* Information provided:
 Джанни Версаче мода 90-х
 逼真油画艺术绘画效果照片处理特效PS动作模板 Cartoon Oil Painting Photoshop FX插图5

---

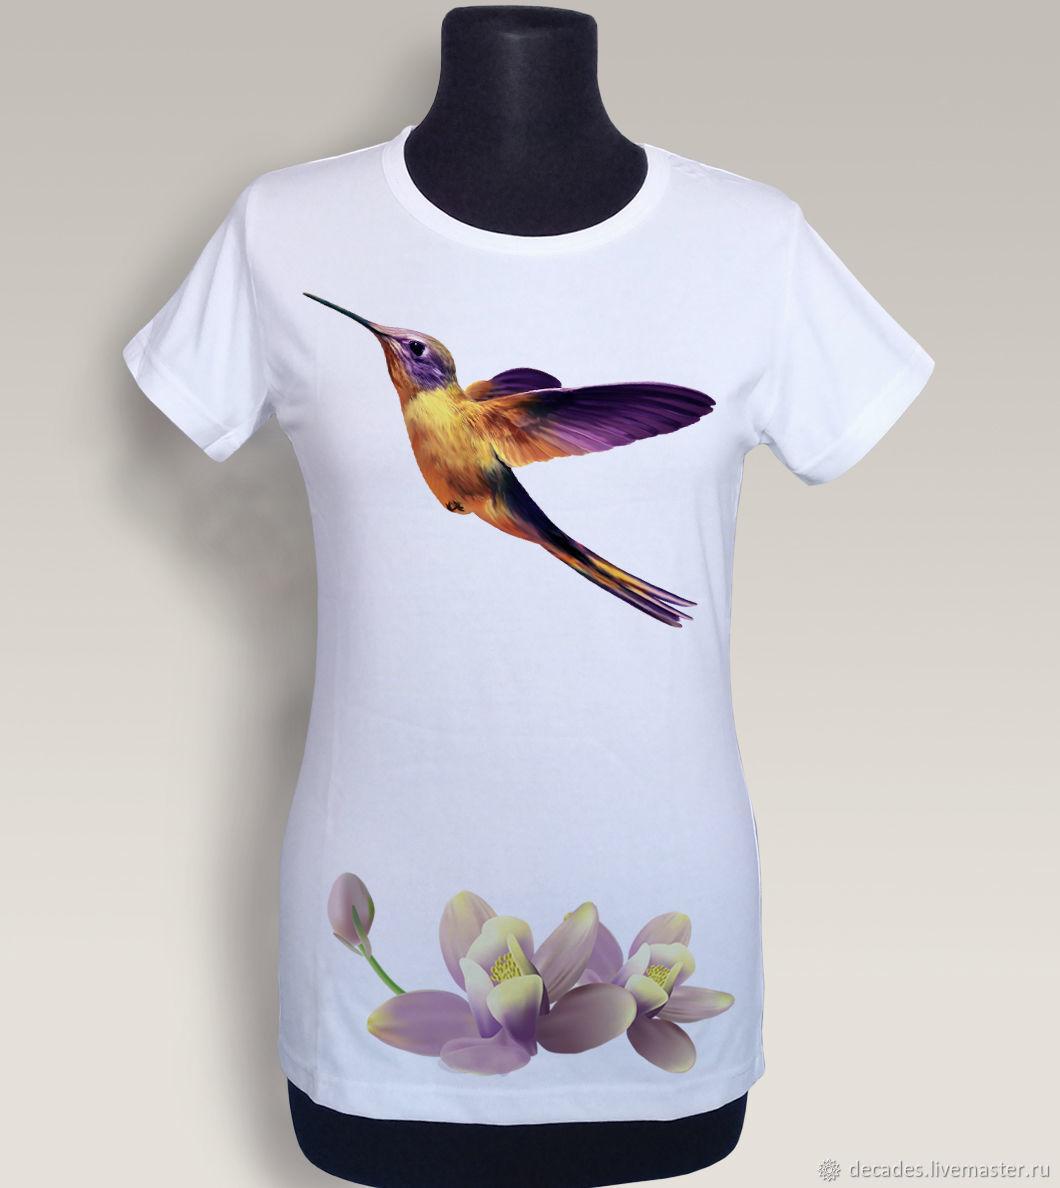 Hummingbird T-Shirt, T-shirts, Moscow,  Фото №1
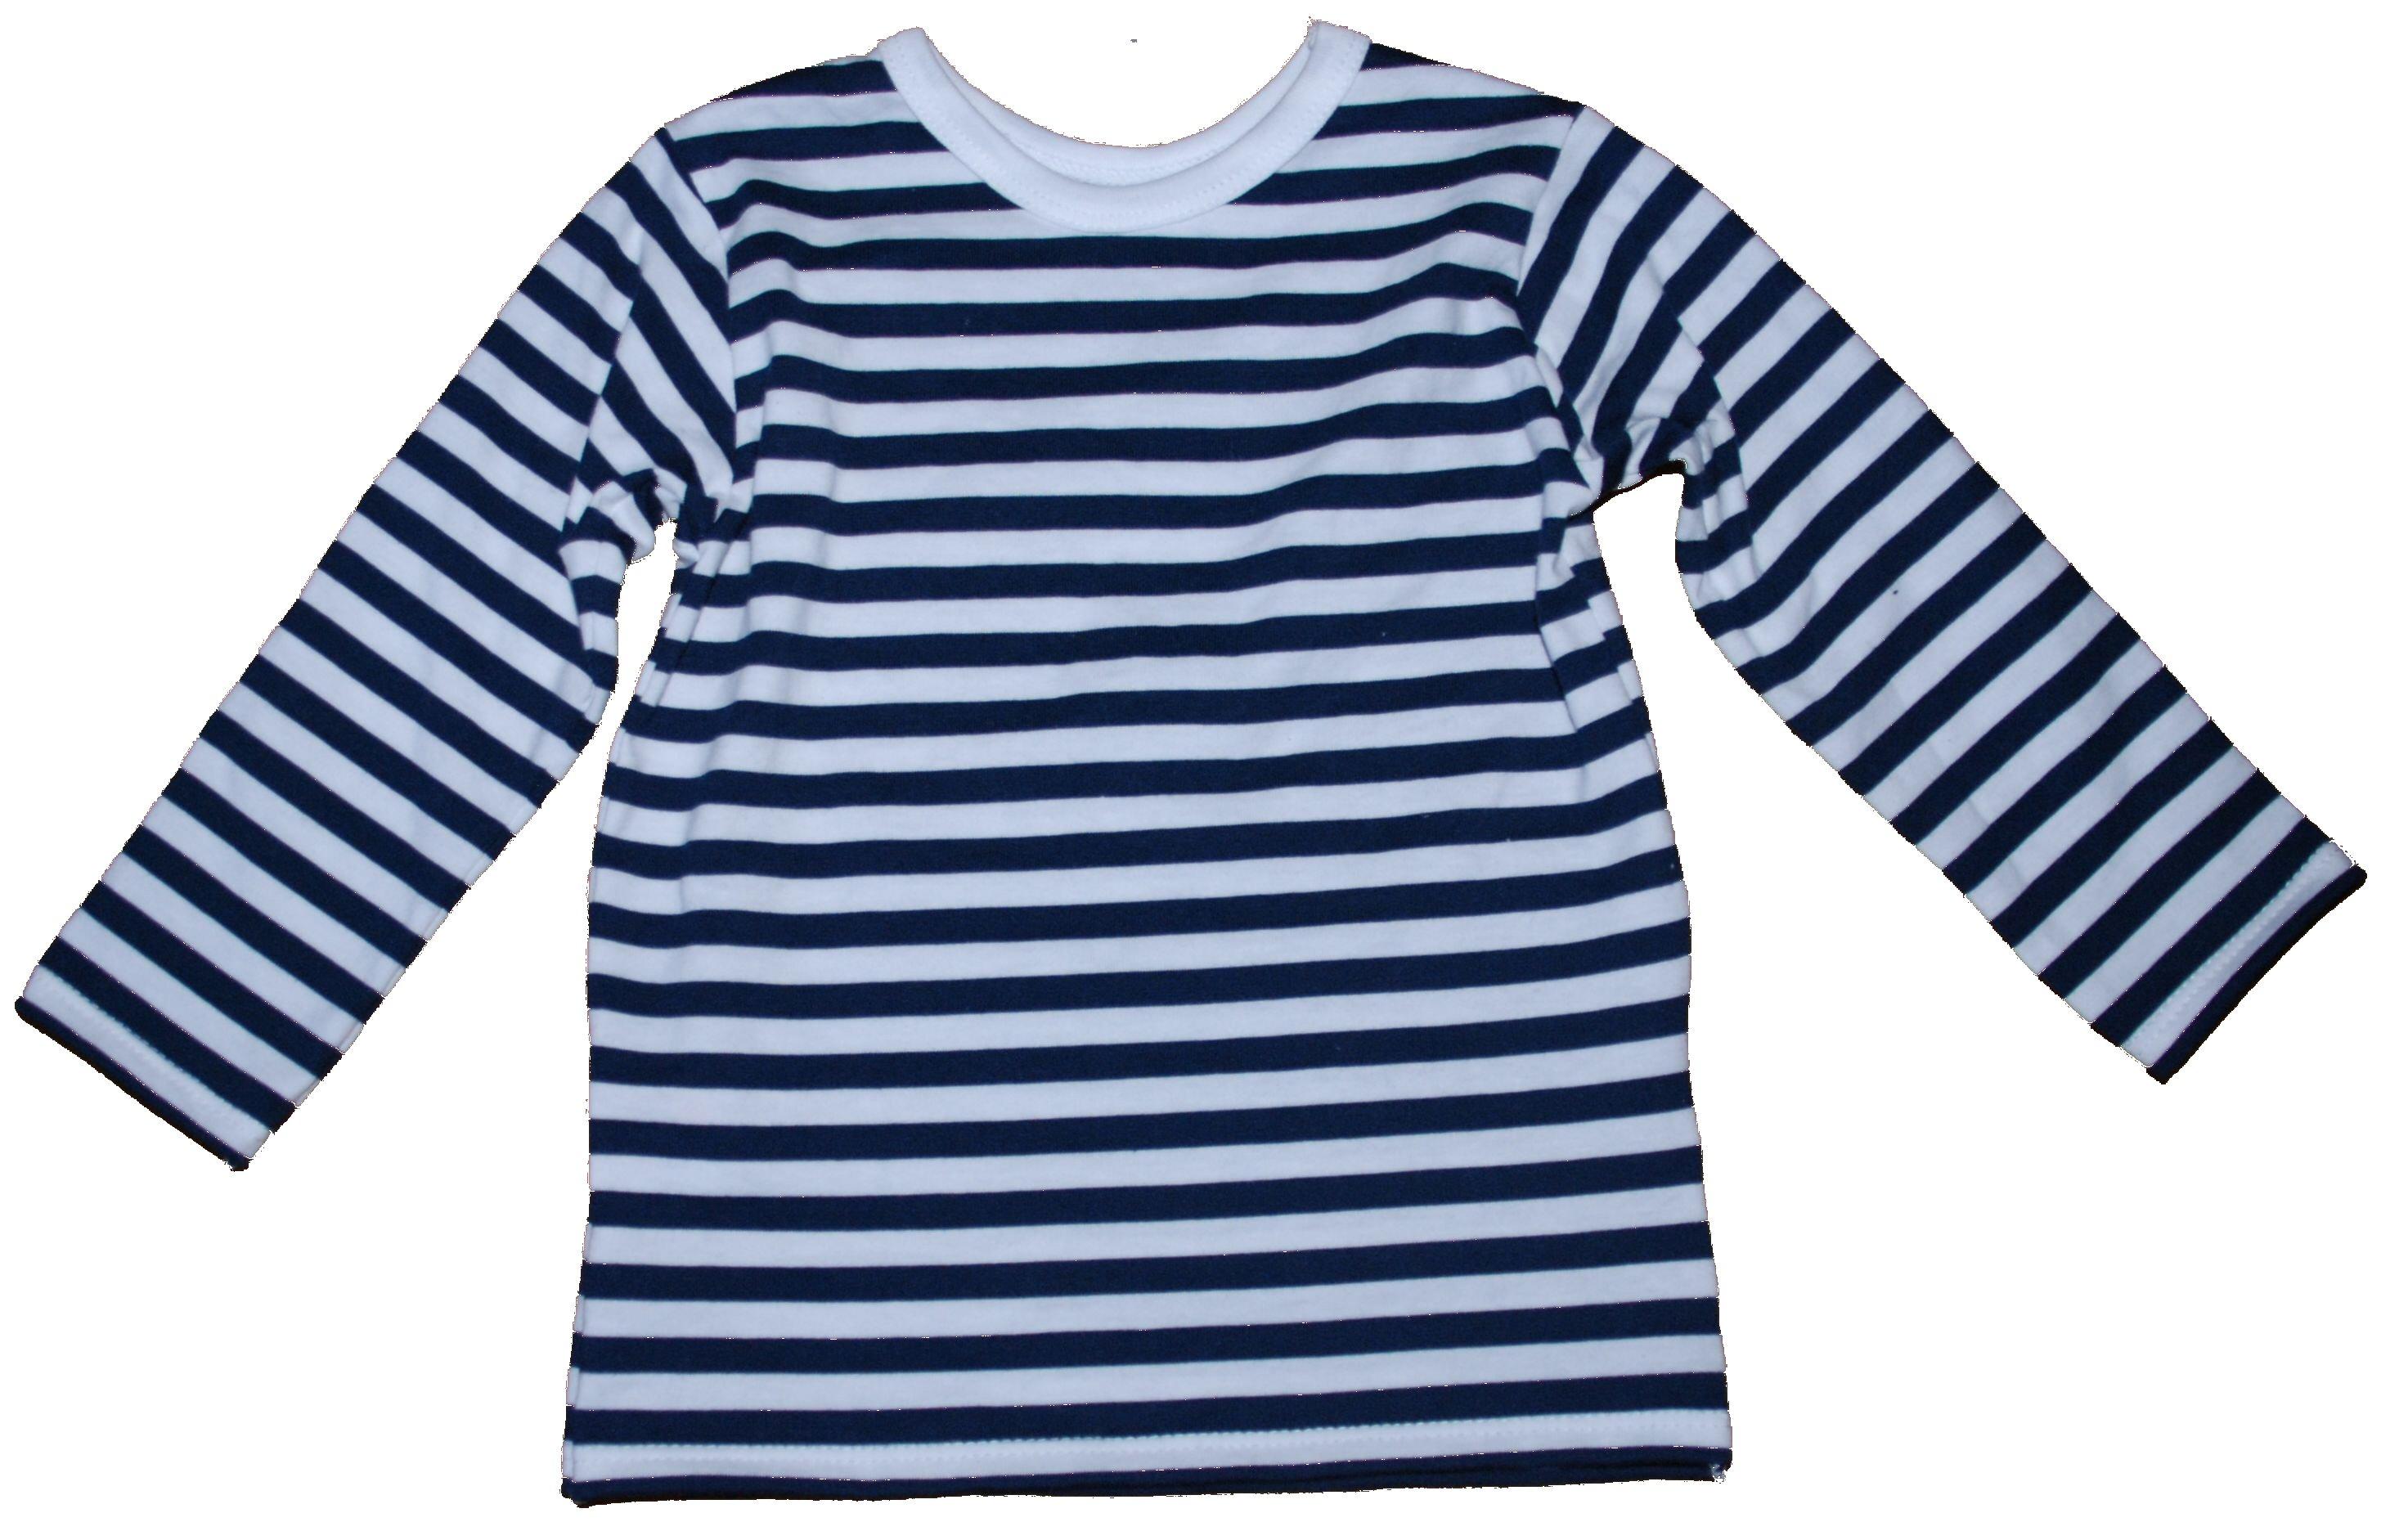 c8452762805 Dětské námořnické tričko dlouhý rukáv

* Task statement: Out of the data above, set down the lines from the one with "Джанни Версаче мода 90-х" to the one with "逼真油画艺术绘画效果照片处理特效PS动作模板 Cartoon Oil", both included, exactly as written and with no additions.

* Solved exercise:
 Джанни Версаче мода 90-х
 逼真油画艺术绘画效果照片处理特效PS动作模板 Cartoon Oil Painting Photoshop FX插图5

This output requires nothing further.